# pb flat



## hunted (Dec 10, 2006)

caught a 32 out of salt fork last night


----------



## catfishinfool247 (May 18, 2004)

NIce fish!! Got the head of a 45#er,but skinny from there down,I'd like to have seen that fish before the spawn! Congrats on the personal best!


----------



## catfish_hunter (May 31, 2005)

Definately a nice fish, I too would say it lost quite a bit of weight during the spawn, but a great fish none the less!


----------



## KATKING (Jun 10, 2006)

Nice fish..


----------



## NorthSouthOhioFisherman (May 7, 2007)

Wowy nice cat good job!!!!


----------



## FishinFreak26 (Jul 26, 2007)

WTG, nice fish!


----------



## tcba1987 (Jun 22, 2004)

NICE FLATTIE...........CONGRATS !!! 

i lost a big one out at salt fork about 3 weeks ago !!


----------



## hunted (Dec 10, 2006)

thanks guys.to be honest,got him juggin.i had never done it and one of my friends wanted me to try it.it was fun,something i will do again,not too often,as i would rather catch them on rod and reel.

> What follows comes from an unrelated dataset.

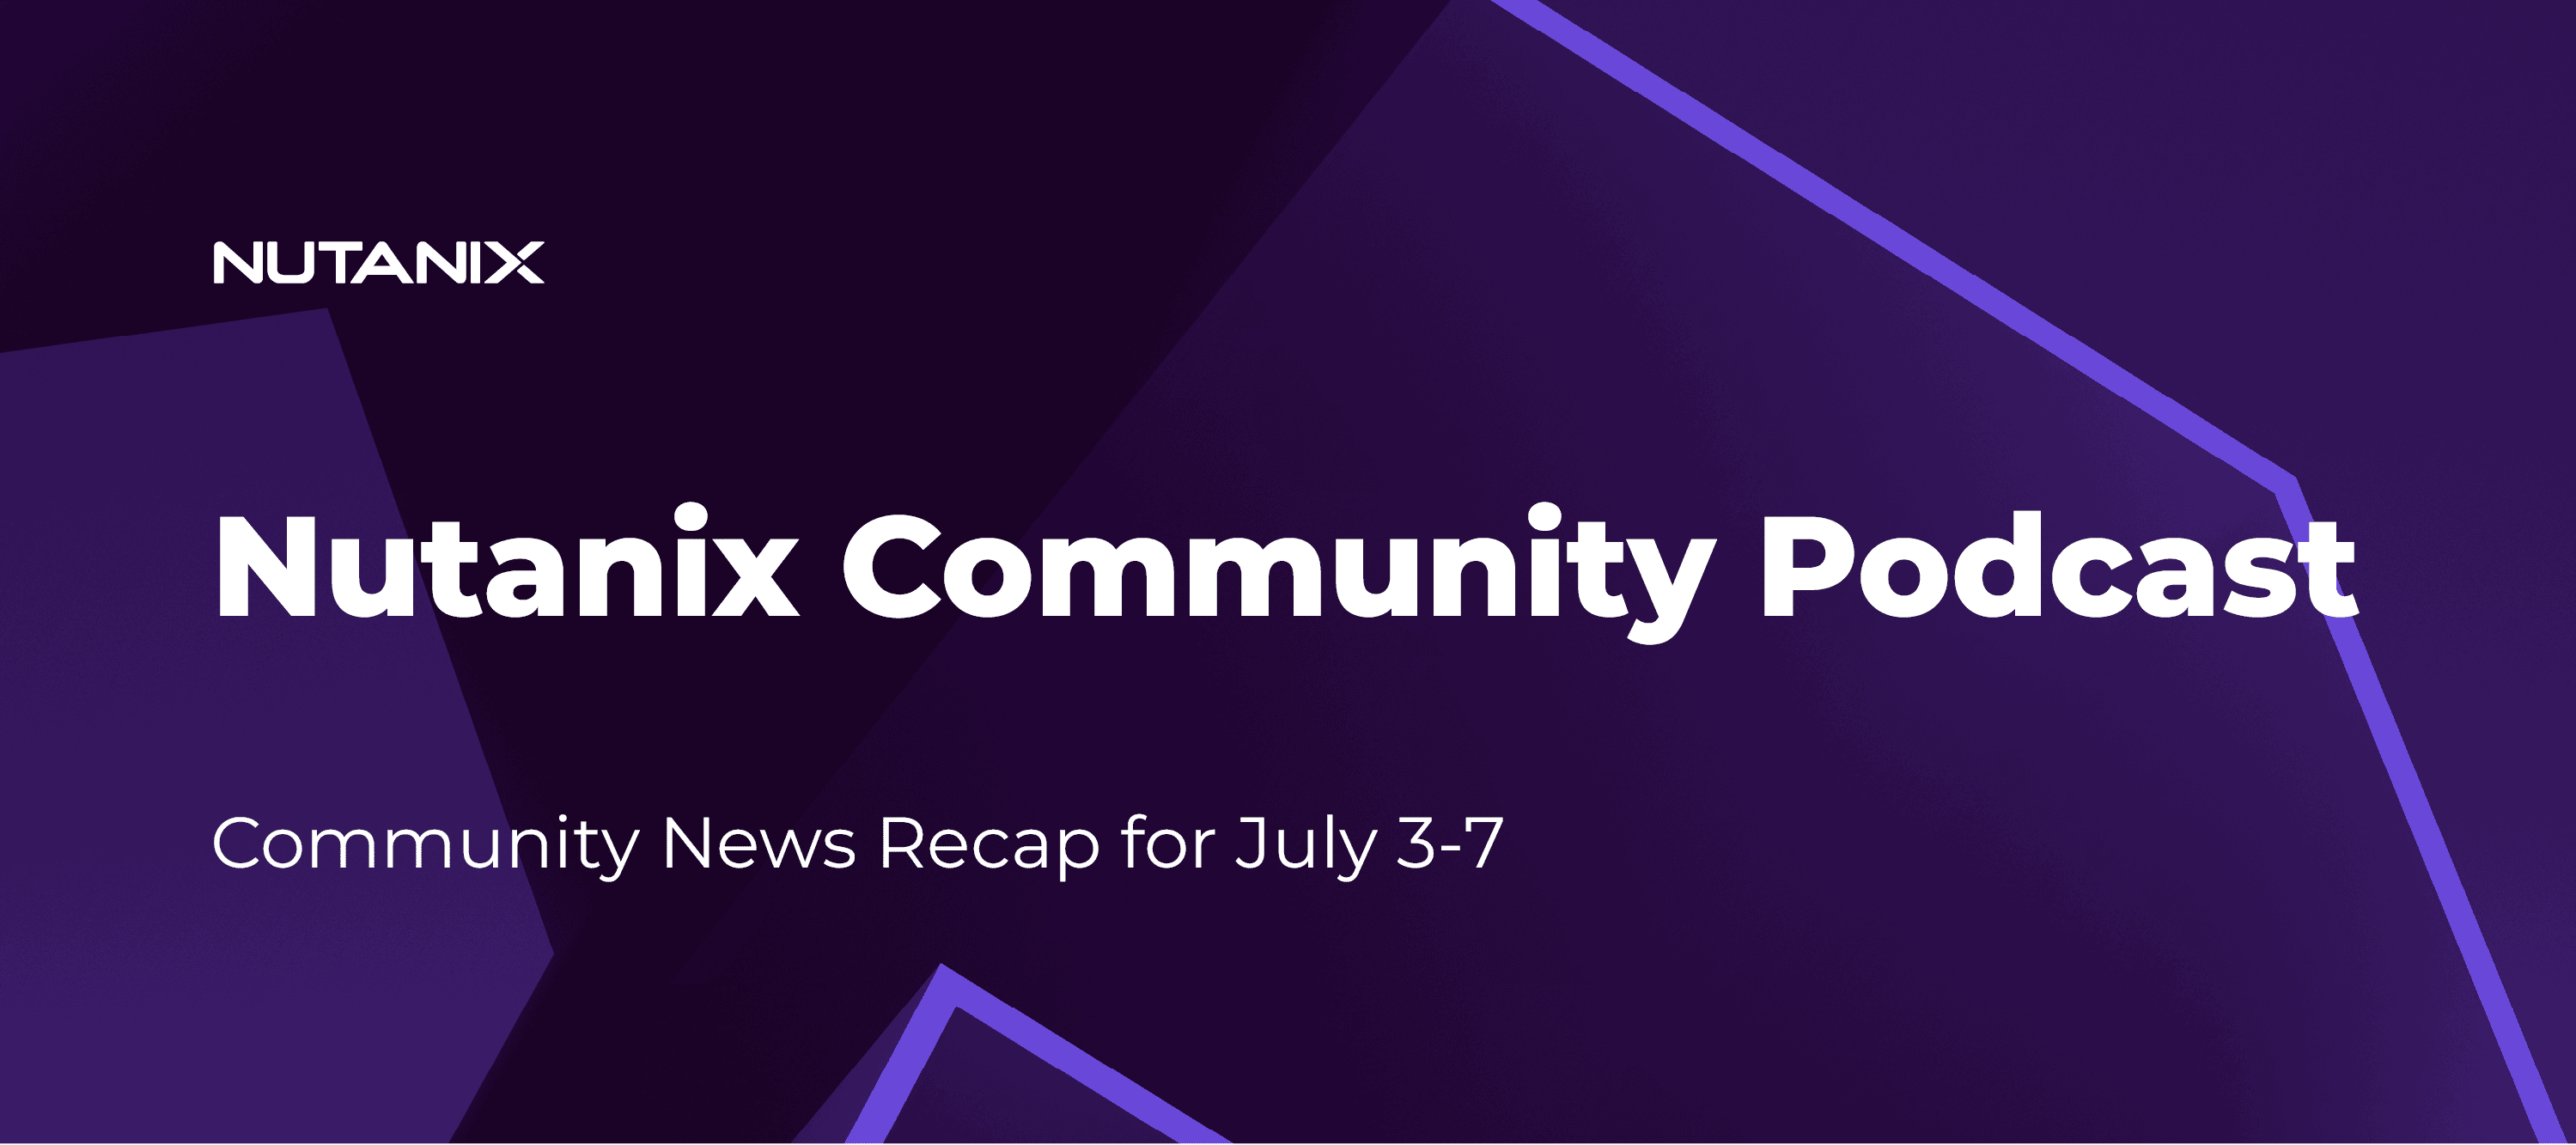 Nutanix Community Podcast: Nutanix Community News Recap July 3-7

been a while since i caught a fish like that.he sure got ahold of my fingers.we snapped a few pics and put him back in to fight another day.hopefully the next person has the same respect for him.


----------



## Columbusslim31 (Sep 1, 2007)

Niiiiiiiiiiiiiiiice.


----------



## Baitkiller (Sep 1, 2004)

*CONGRATS HUNTED!!!!*

Nice PB


----------



## Smallmouth Crazy (Apr 4, 2006)

Nice fish, we stay in the cabins alot very nice lake and a very nice area, my son and I dont catch fish like that though


----------



## hunted (Dec 10, 2006)

find one of them nice coves with some old wood in them,use some bluegills for bait.and some patience.


----------